Start of Material provided

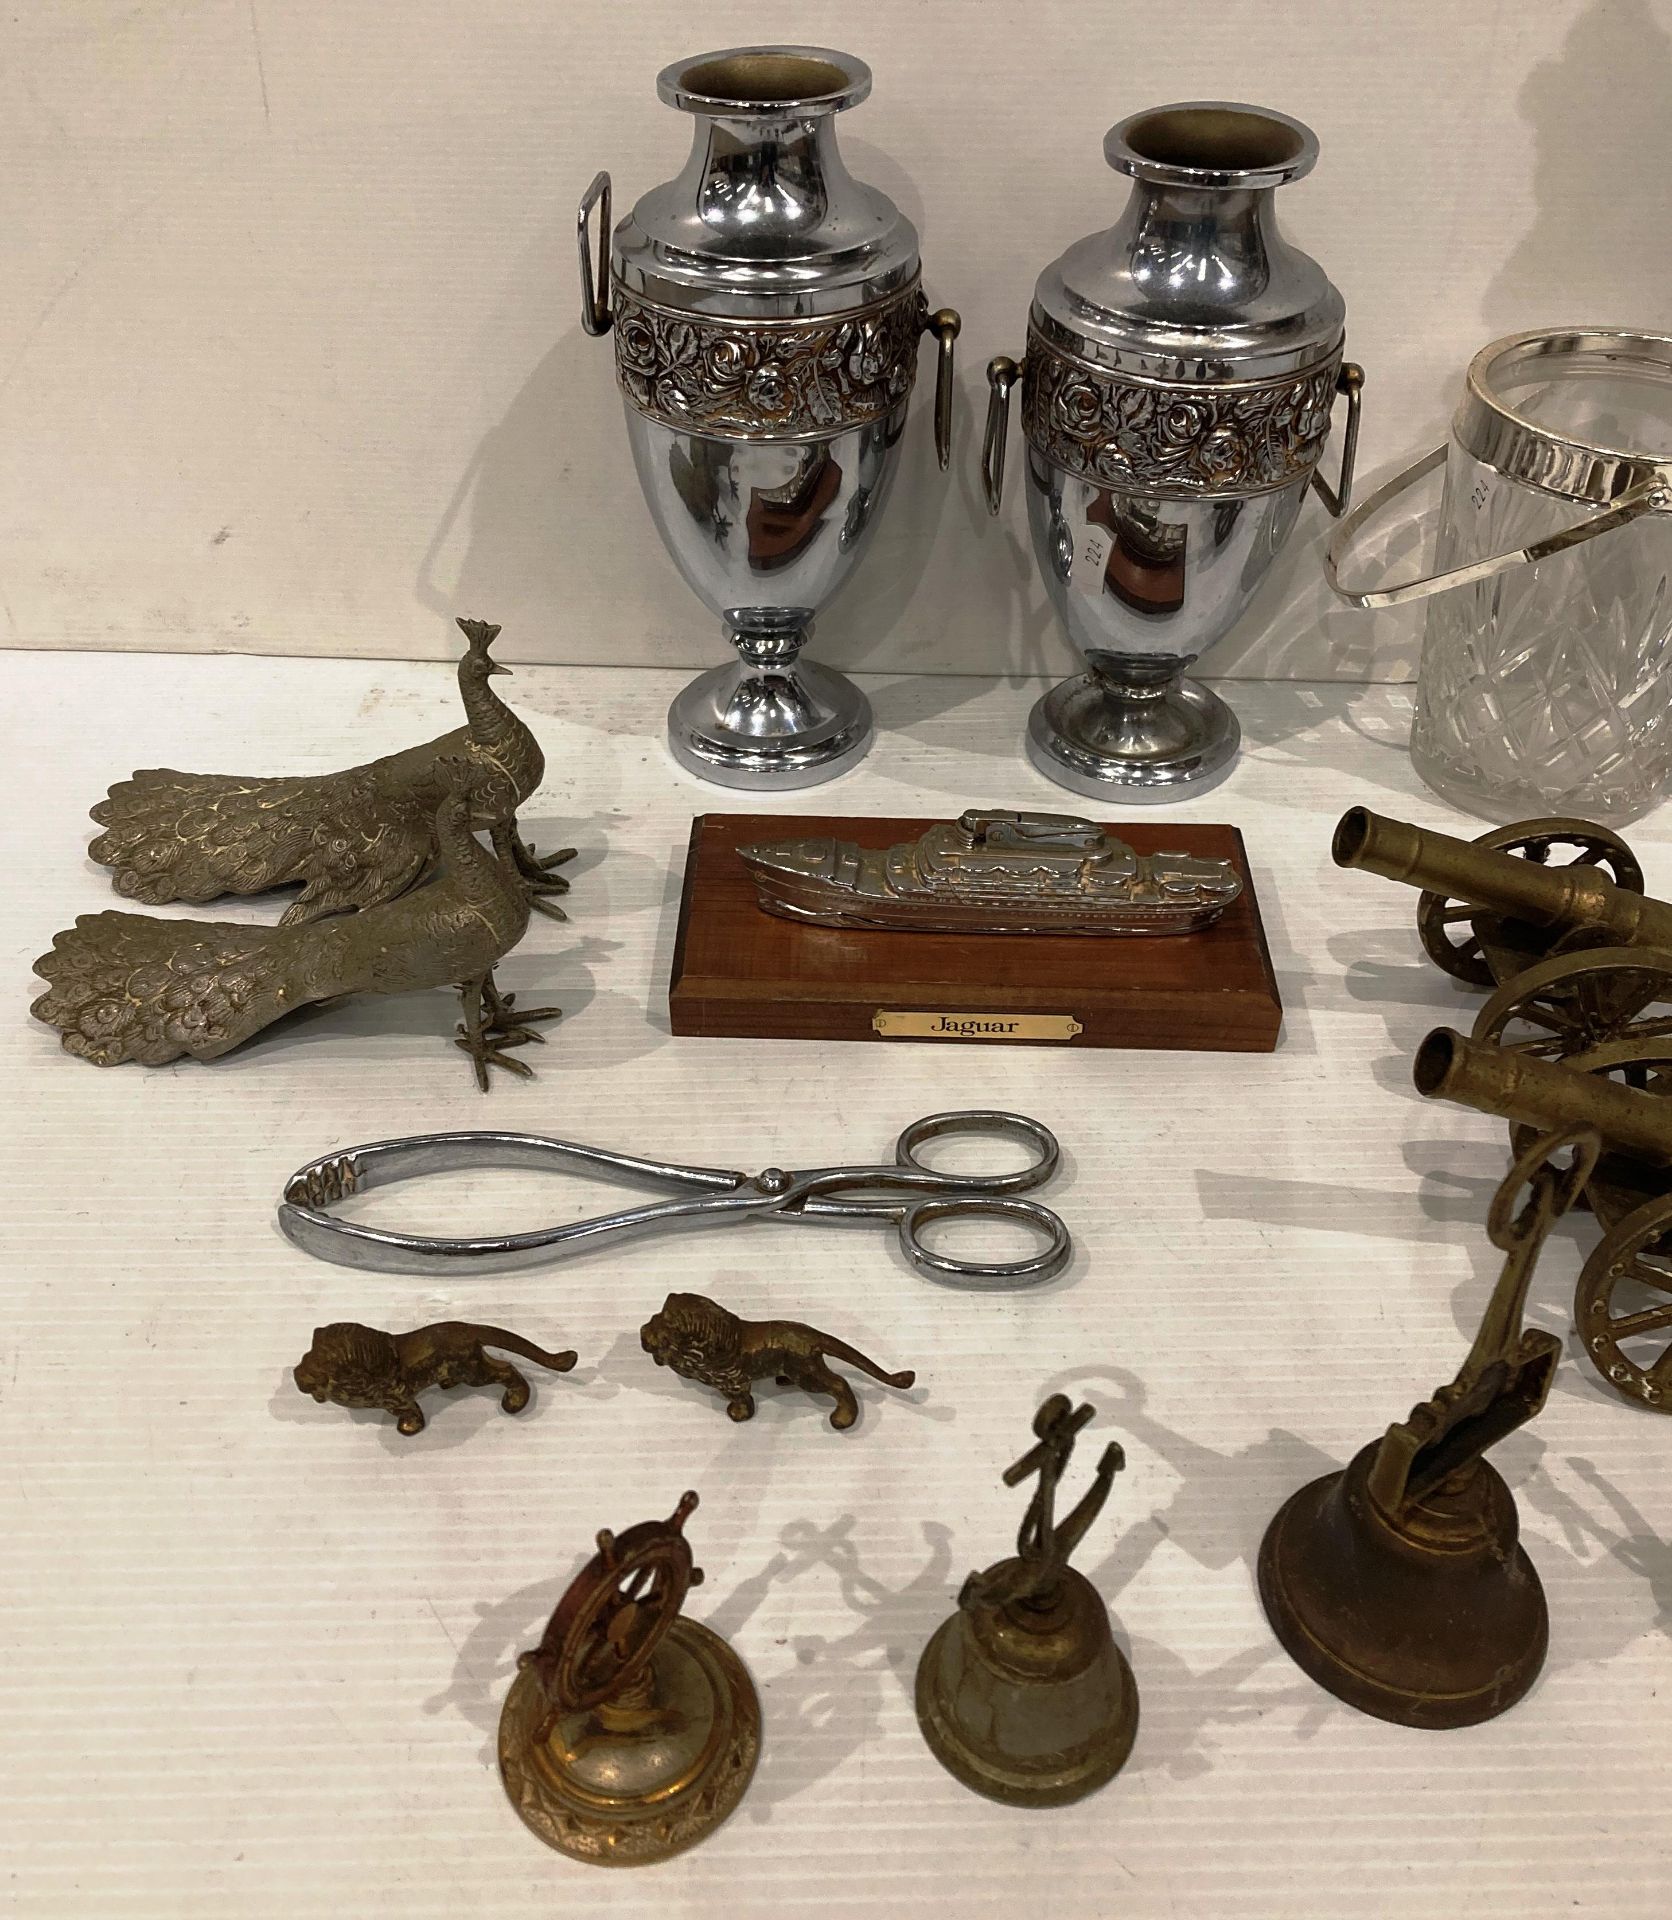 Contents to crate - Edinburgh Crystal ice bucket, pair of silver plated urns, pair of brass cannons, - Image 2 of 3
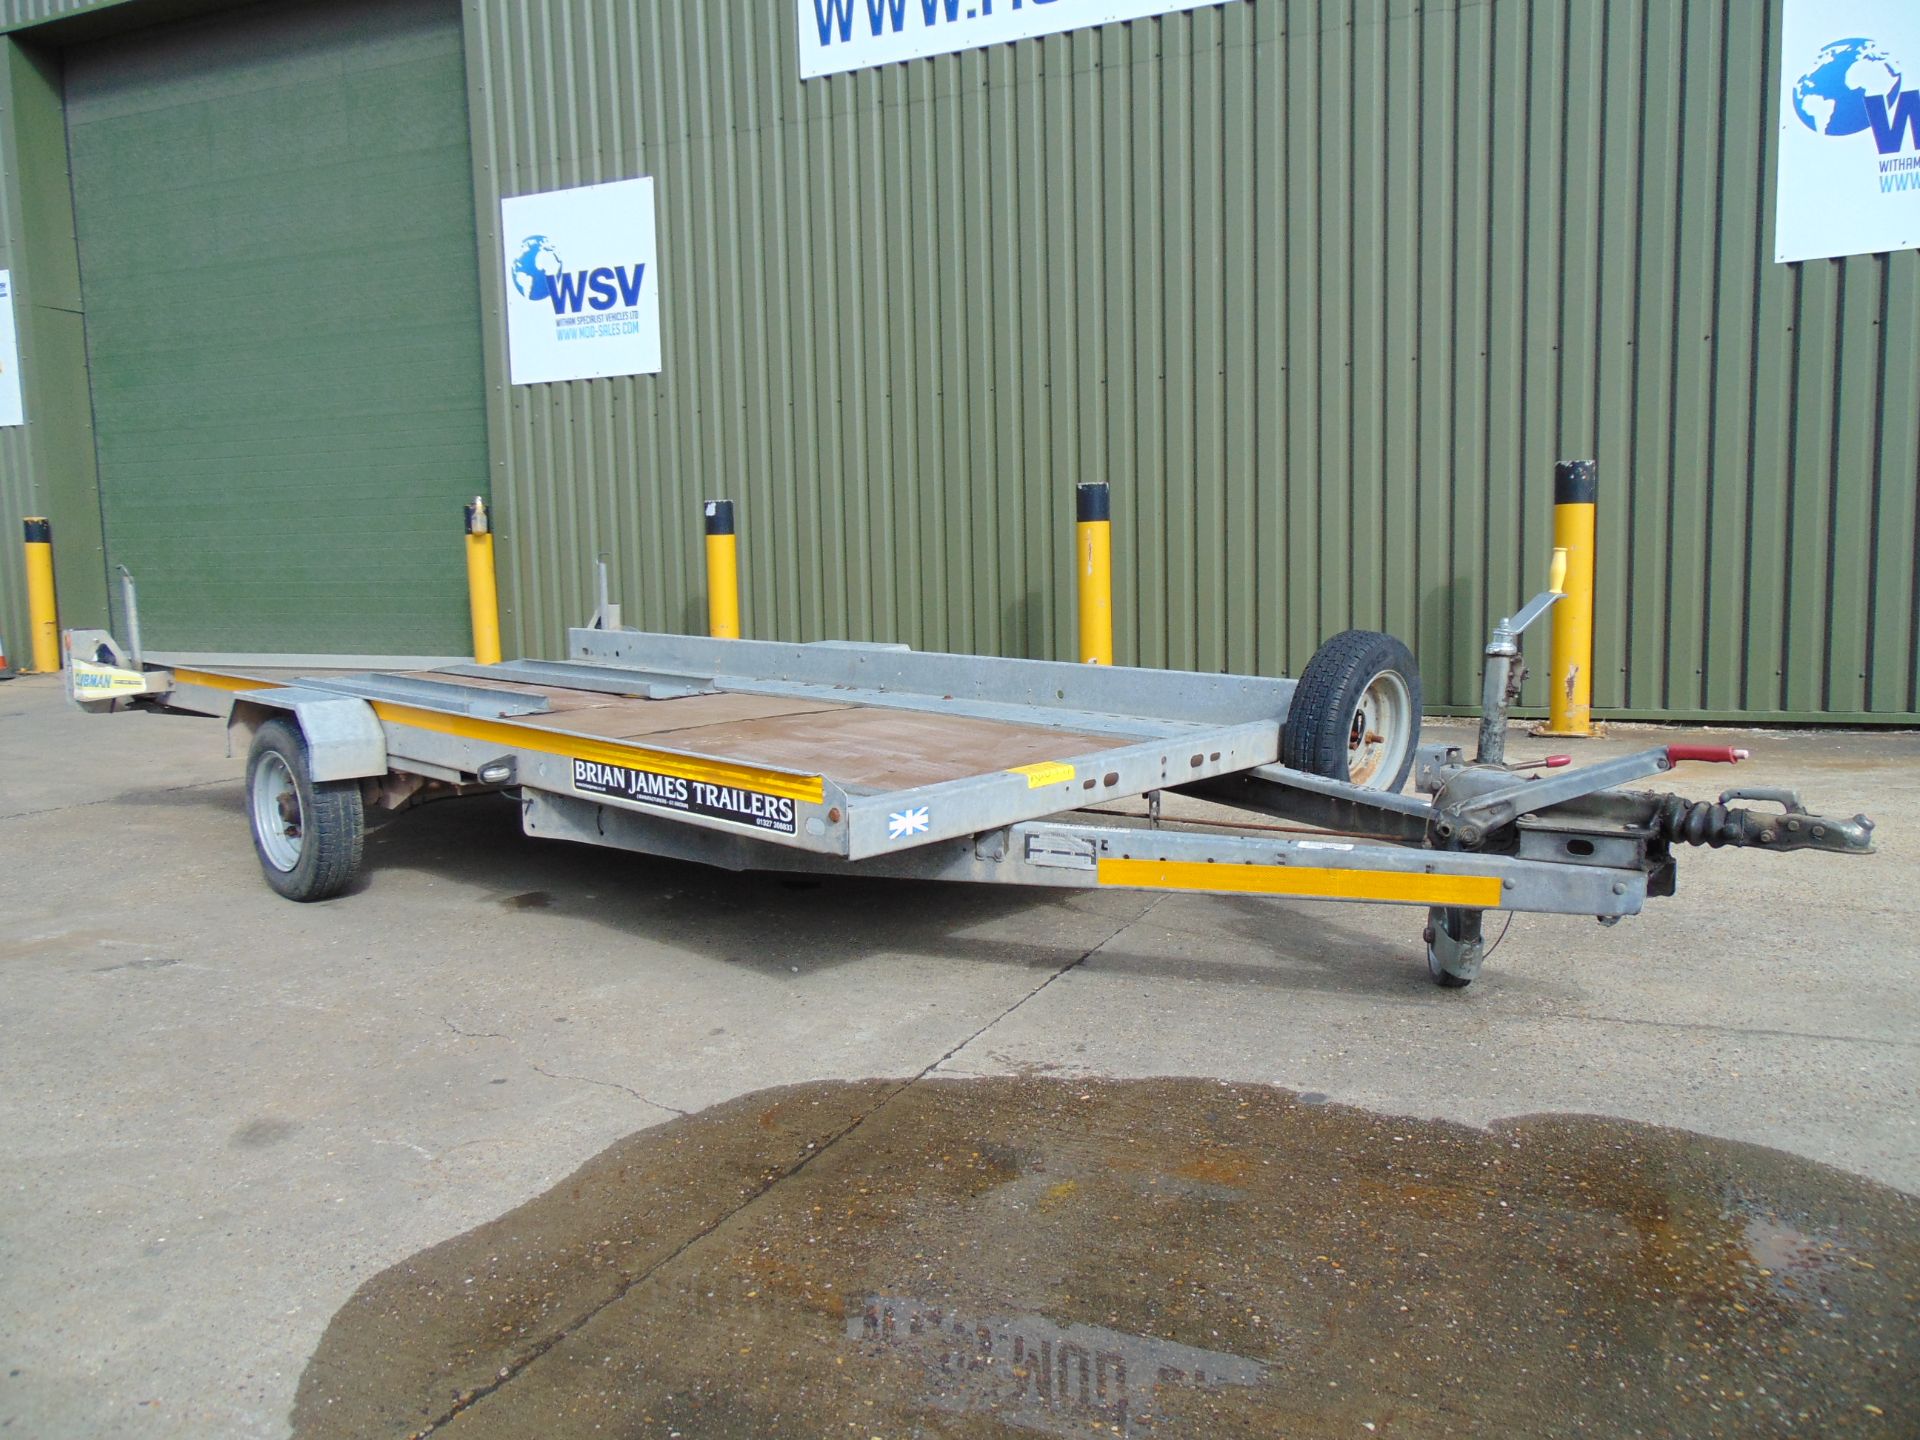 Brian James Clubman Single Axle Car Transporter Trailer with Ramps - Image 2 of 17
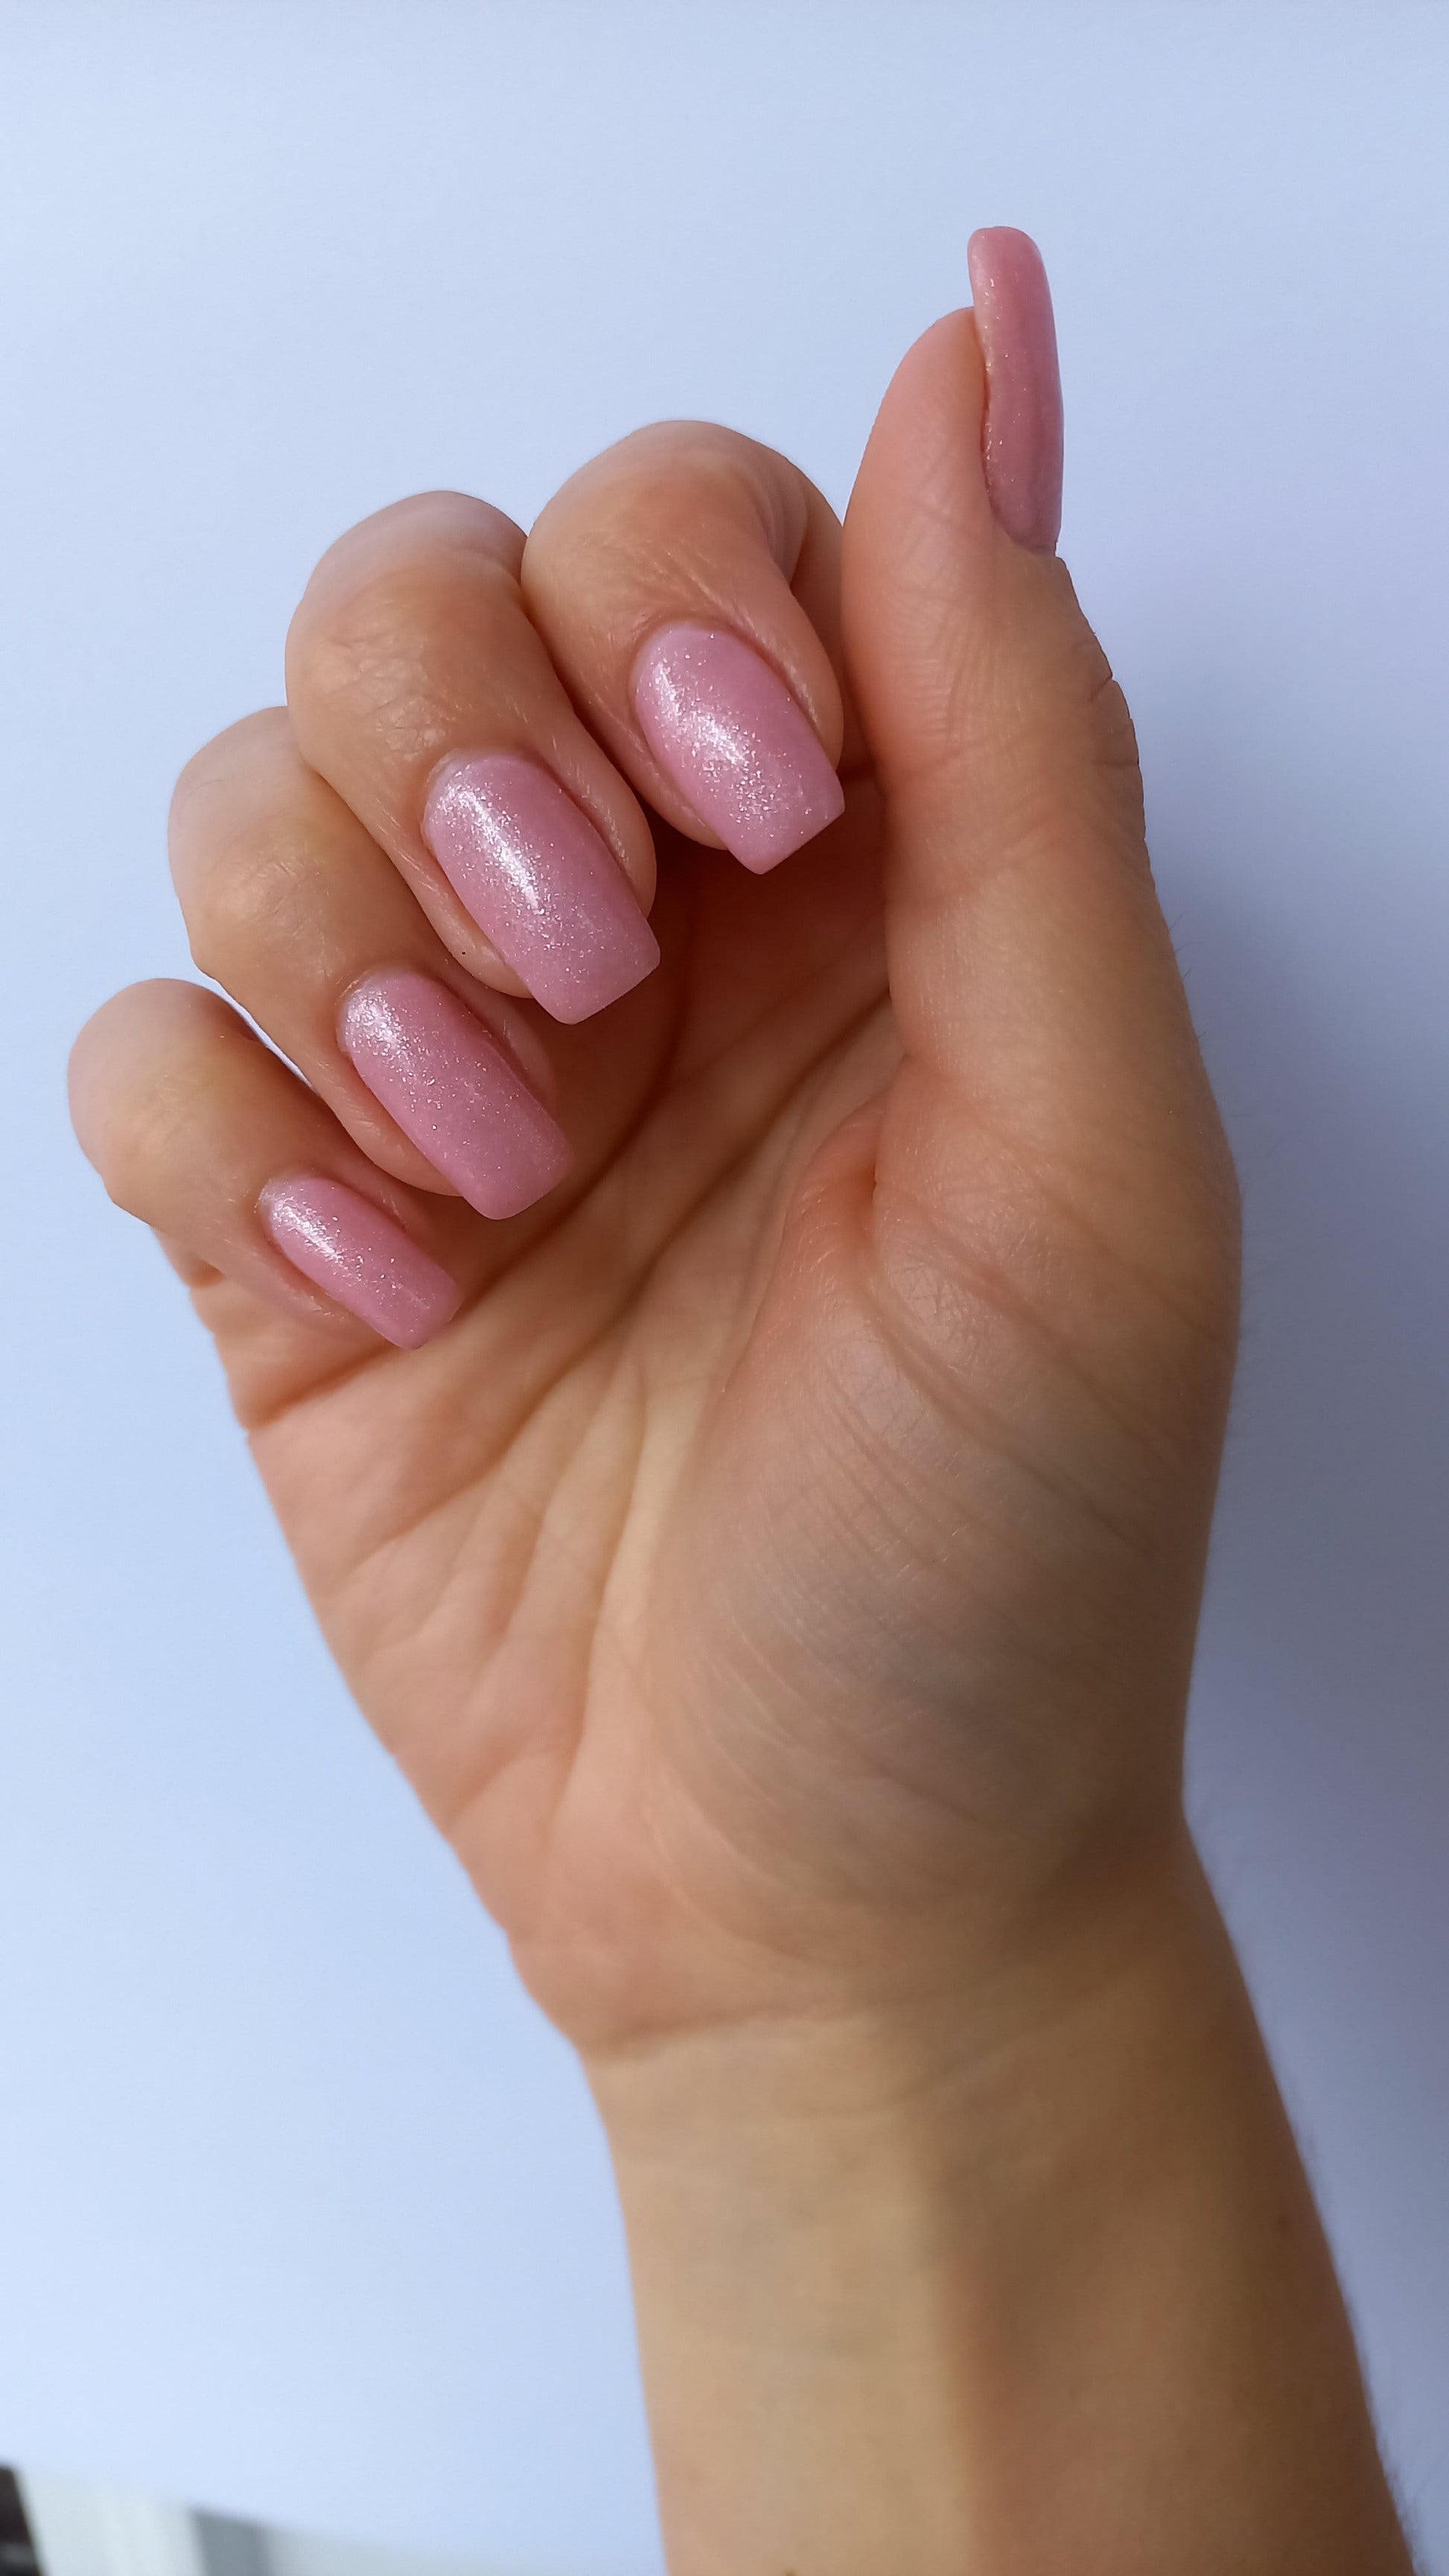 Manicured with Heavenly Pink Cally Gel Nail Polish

End of Material provided

__Problem to solve__. Return the full listing exactly as written, without any of its images.

__Response box__.
 Contents to crate - Edinburgh Crystal ice bucket, pair of silver plated urns, pair of brass cannons, - Image 2 of 3
 Brian James Clubman Single Axle Car Transporter Trailer with Ramps - Image 2 of 17
 Manicured with Heavenly Pink Cally Gel Nail Polish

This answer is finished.